In our method, the secondary structure elements of experimentally verified NESs is applied to train the SN P system. Actually, there are some other biochemical properties shown as follows from [24].

  • Secondary structure prediction of the regular expression match sequences.

  • Avg.predicted surface accessibility of the regular expression sequences.

  • Avg.predicted disorder score of the regular expression.

  • Hydrophobicity of the regular expression match sequences of negatively charged residues in the upstream flank.

  • Whether the first two residues are involved in a \(\beta\)-strand based on secondary structure.

  • Prediction of polar residues in the downstream flank.

  • Whether the first two residues are involved in a \(\beta\)-strand based on secondary structure prediction.

  • Distance to previous match of the regular expression divided by the protein length.

It is worth for further research of investigating the performances of other biological properties to train SN P system and other computing models. For example, biological networks [6366] and machine learning methods [6770] can be considered in this aspect.

In the SN P system, we use a simple Hebbian learning strategy to update the weights on synapses among neurons in predict module. There may be potential further research of designing complex learning strategy and involving the recently developed large-scale neural networks training algorithms, see, for example [71, 72], for the training task. It would be a quite interesting topic to find the inherent advantages of SN P systems comparing with some other models and methods.

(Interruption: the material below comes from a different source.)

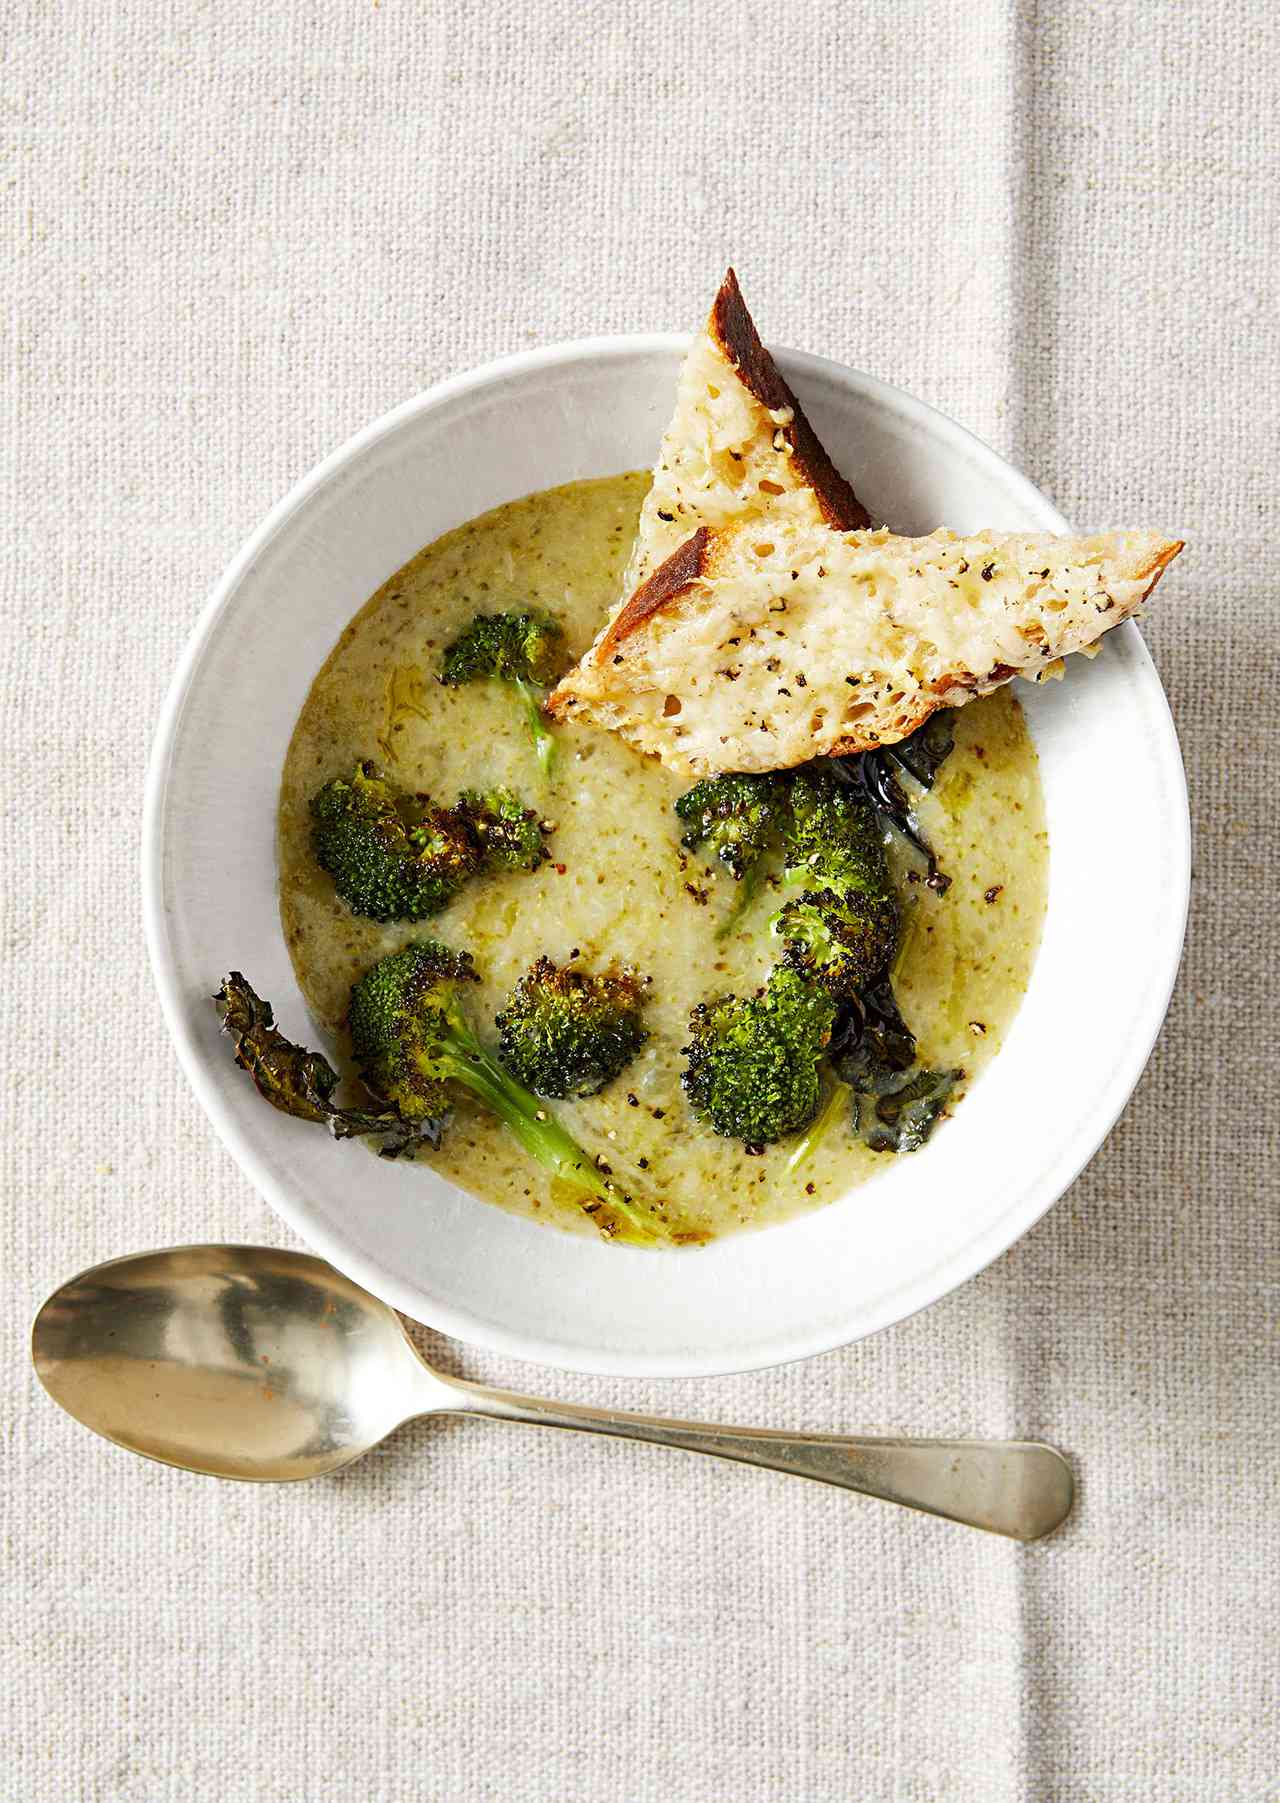 Potato, Broccoli, and Cheddar Soup

Also, some variants of SN P systems, see, for example [31, 46, 73, 74], can be used to improve the performance of our method. The architecture of the SN P system in this work is designed from the biological observation of spiking a neural network from inside to outside. Specifically, the outer layer neurons are divided into four groups, and each neuron of the outer layer connects to some neurons in the outmost layer. As well, all of the outer layer neurons and the outmost layer neurons have been divided into four groups. At this moment, there is no theory to design SN P systems to do pattern recognition, but it would be an interesting topic for future research. Artificial intelligent models and algorithms have been used in solving problems in practice, see, for example [7579]. It is of interests to use SN P systems to solve some other real-life problems.